# Hi VIers from inland Australia



## Pat Coen (Apr 15, 2009)

Hi VI

I've been a long-time lurker on VI and thought it was time to make my interest in this forum official. 

I'm currently living in Canberra, Australia. Not exactly a mecca of creative opportunity geographically but online communities such as this one and broadband internet access has opened up some doors for people in my situation.

Most recent career high was getting some positive feedback on a demo reel for inclusion on the Oceans 13 DVD release. As you can see that is some time ago and it was an "almost" rather than a "yes". Long story how the opportunity arose but for my end having a friend in LA who was friendly with a producer for the DVD production company was the catalyst. 

And so continues my existance as a hobbyist who occasionally gets a paying gig (can anyone say day-job, mortgage, newborn baby). I will say that a couple of those paying gigs were actually due to leads from this forum and even though they were minor affairs it's incredibly satisfying to do what you love and get paid for it.

Anyway, looking forward to contributing what I can to this already really helpful community. I don't have much composition/music theory to offer as my classical training ended in my late teens. My fortes are more programming, production, and trickery (a neccesary skill when working with the sort of outdated sample CDs, software, and hardware that I do).

Thanks for reading this drivel 

Pat


----------



## TheoKrueger (Apr 15, 2009)

Welcome aboard Pat!


----------



## autopilot (Apr 15, 2009)

Lotsa Aussies turning up here. We really should all have a beer one of these days...

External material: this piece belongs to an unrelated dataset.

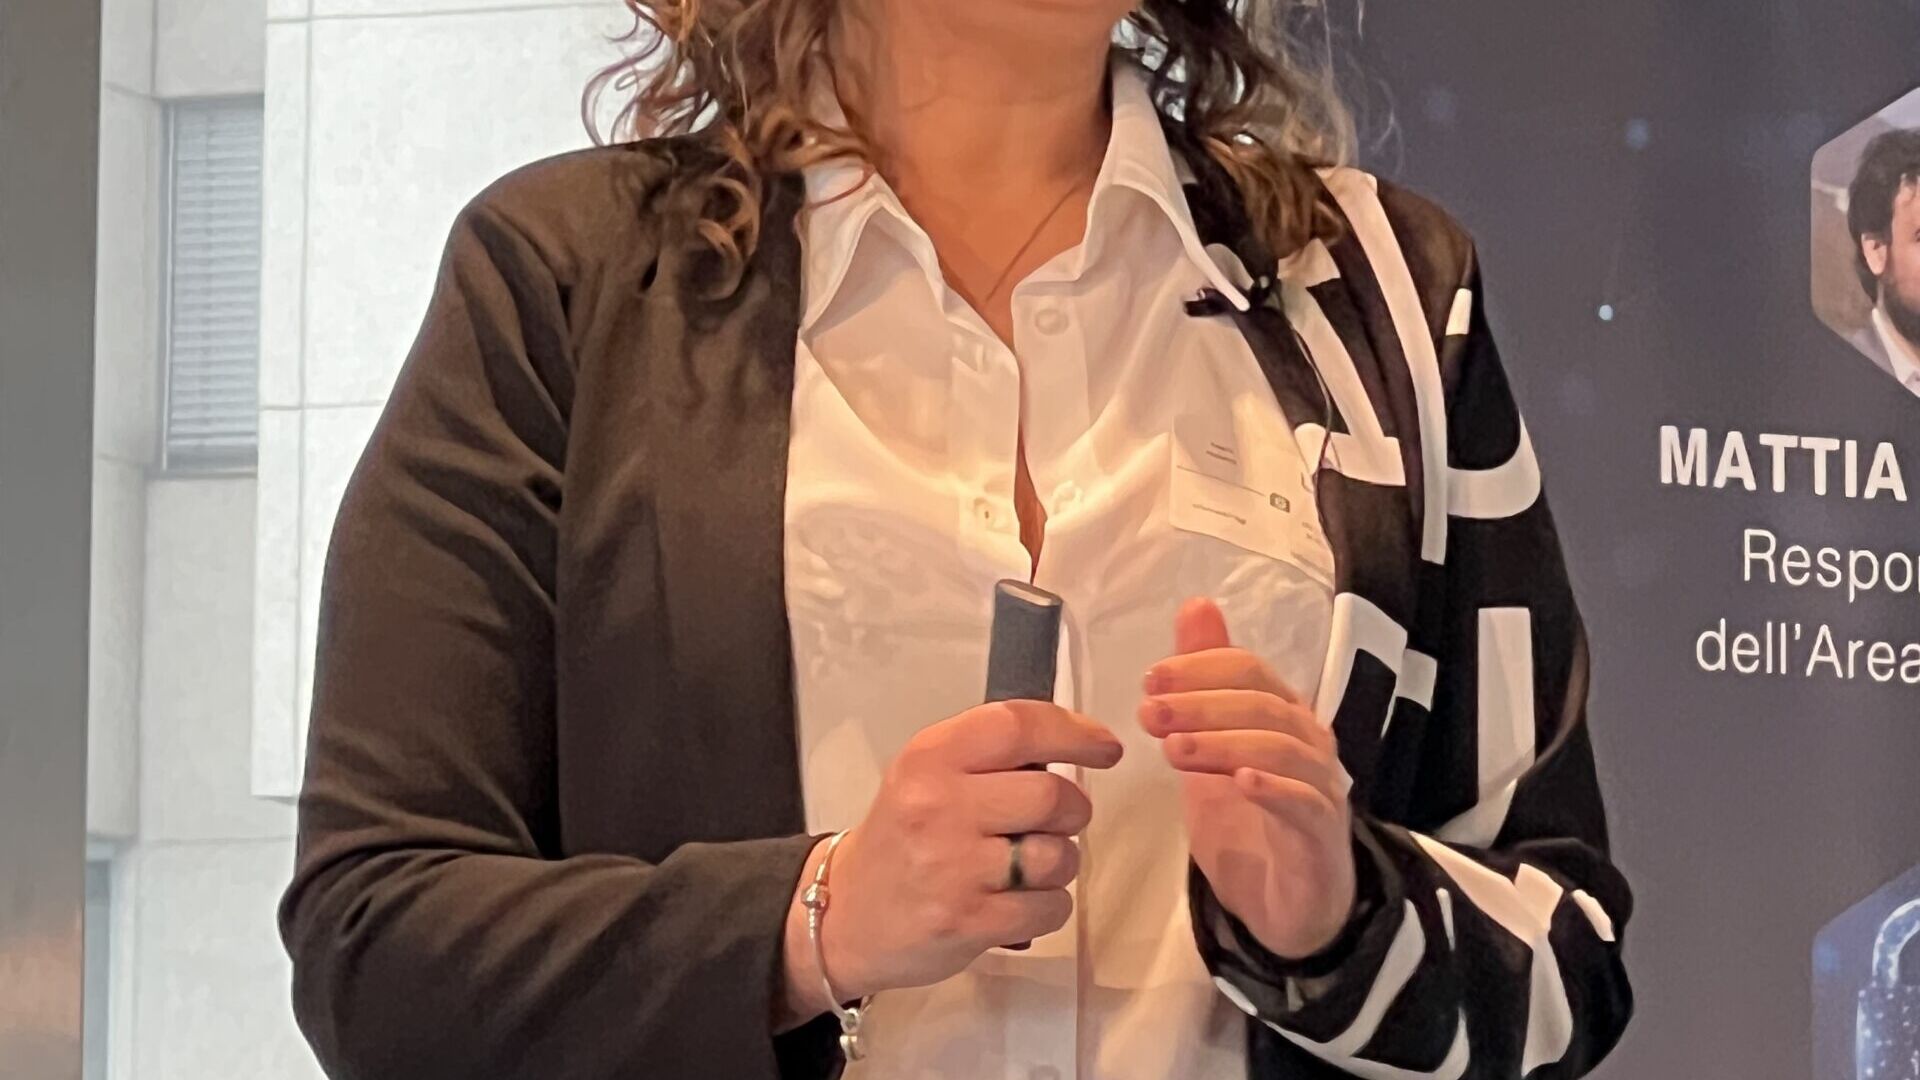 Dati personali: Angela Pedalina, giurista e socia di Informatich Sagl. è stata una delle relatrici all’edizione 2023 dello “LPD Day” di Lugano il 24 marzo 2023

Hey Pat! Hope Canberra is treating you well.

Sean


----------



## Frederick Russ (Apr 15, 2009)

Pat - always room for another Aussie - welcome to VI!


----------



## Pat Coen (Apr 15, 2009)

Hi guys,

Thanks for the warm welcome. Much appreciated.

Pat


----------



## MaraschinoMusic (Apr 21, 2009)

G'day from the Sunshine Coast, and welcome to the forum


----------



## Alex W (Apr 28, 2009)

G'day Pat, and welcome. Another fellow Aussie here.


----------



## Pat Coen (Apr 28, 2009)

Hi Alex and thank you. I lived in Sydney (Coogee) for 2 years  maannn I'm missing it.

Cheers

Pat


----------



## scottbuckley (Apr 30, 2009)

Hey! Good to see a strong Aussie contingent. You can easily think that being in Australia means yur a world away from the action, but I guess not .

-s


----------



## Alex W (Apr 30, 2009)

Yeah Coogee's beautiful, but also kinda expensive. Although I did have a mate who lived there for a while in a fantastic and cheap unit. I'm in north west sydney, "out in the sticks" you could say... well sort of. Semi rural I guess you'd call it. Nice area, about 45mins drive from the CBD, as long as you take all the toll roads


----------



## Alex W (Apr 30, 2009)

Scott - have you seen how cheap return Qantas flights to the US are these days?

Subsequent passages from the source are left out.